Reading just for fun!

the-daily-5-second-edition(1)I have been interested in the Daily 5 / CAFE approach to literacy for some time now. (I am currently reading the second edition of the book). My interest was sparked by conversations in my twitter-feed and the 2 sisters (Gail Boushey and Joan Moser) were presenters at the ALEA conference 2015 (although I was unable to attend the session).

Daily 5 is aimed at the primary classroom and I can see how it works in that environment because the class spends a great deal of the day with the same teacher. I am a high school English teacher! So, my challenge has been making the concept work in secondary environment. I see my class three times a week (2 doubles and a single) so the idea of ‘daily’ goes out the window. But surely even a weekly approach would be better than not at all?!?
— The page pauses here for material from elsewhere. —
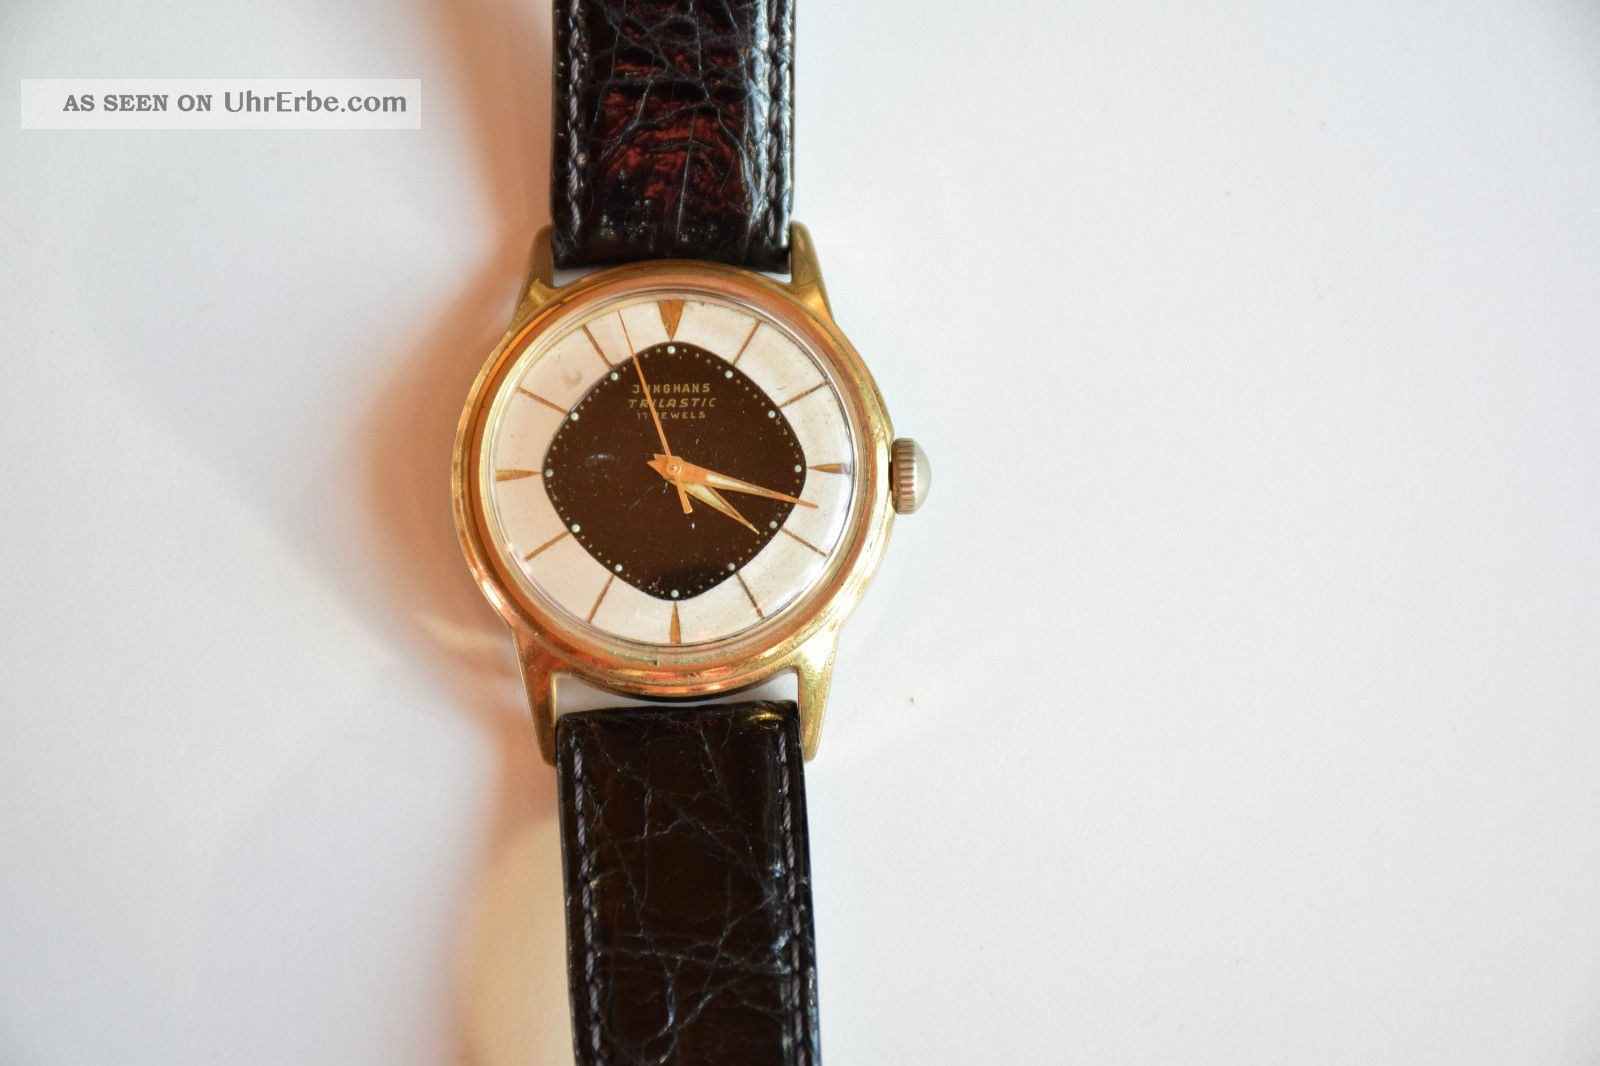 Junghans Trilastic Mechanische Herrenuhr 17 Jewels Armbanduhren Bild
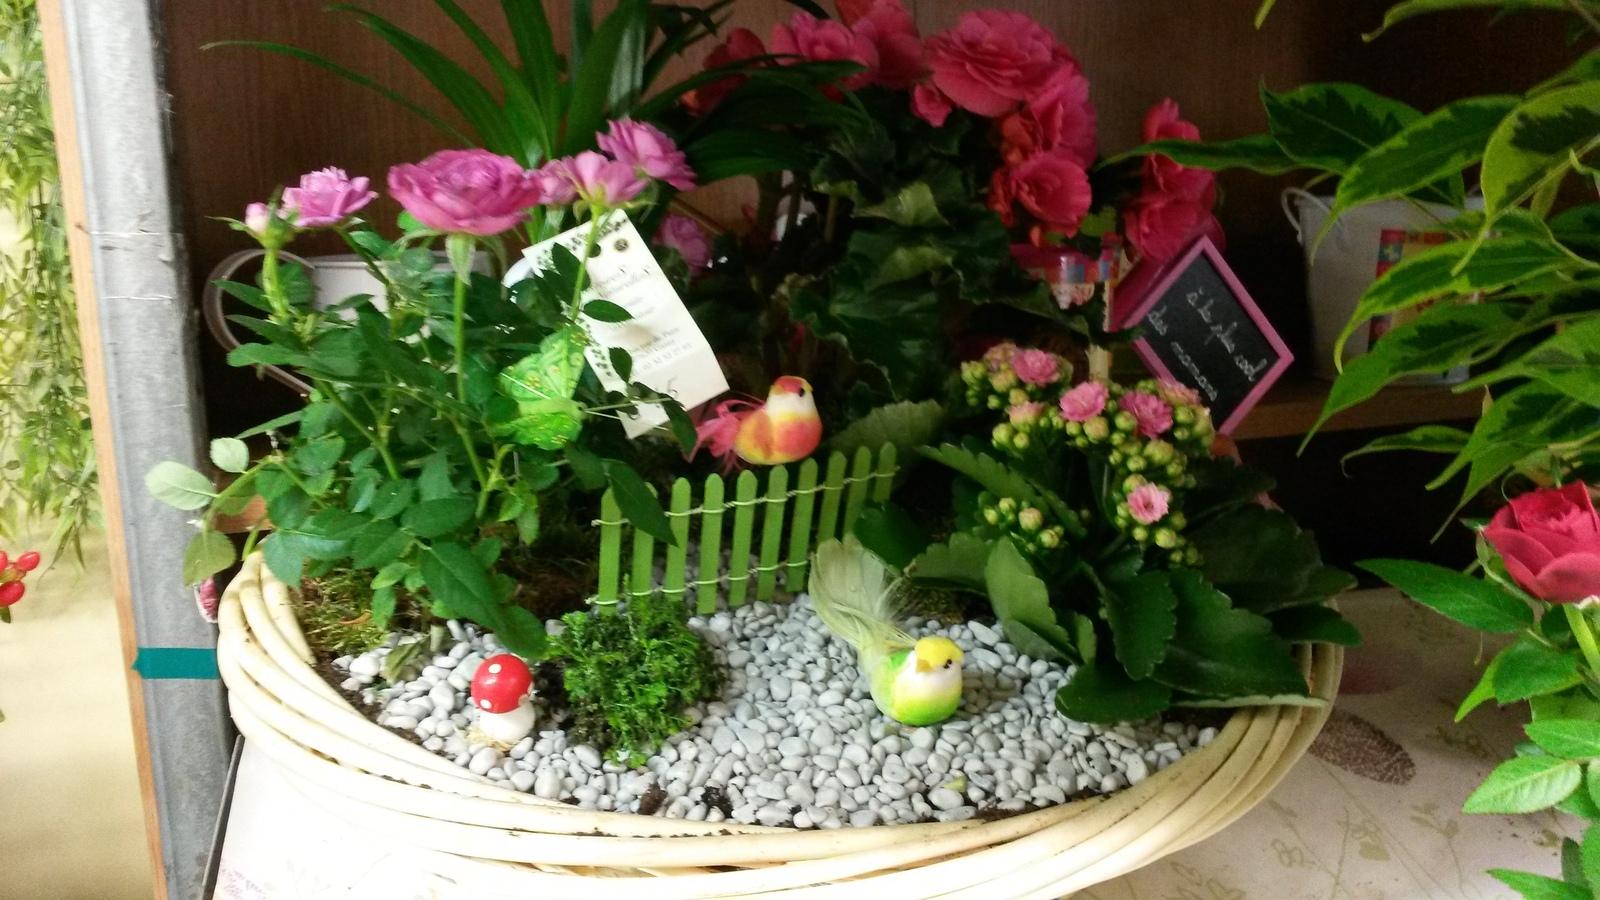 Composition plantes gasny plante d 39 int rieur et d for Fushia plante interieur ou exterieur

We do Read to Self  every double for 15 minutes (I call it silent reading). I also ask students to read for 15 minutes a night for homework (my students know how I feel about homework). Now that we have finished a term of writer’s notebook I am also happy for students to Work on Writing in this time. (Although I am working towards having 10 minutes of each in each session).

My recent thoughts have been around how to ‘fit in’ Listen to Reading. I have tried class novels before with mixed success. Sometimes the gap of days between seeing the class means they totally forget what we have read. This year I have been trying to promote enjoyment of reading. In year 8 we read our close study novel in class … whole periods, until we finished. In year 9 we read chapters in class and chapters at home … a kind of shared reading … but always had a round table discussion of what we had read. They didn’t do chapter questions or a multi-component assignment.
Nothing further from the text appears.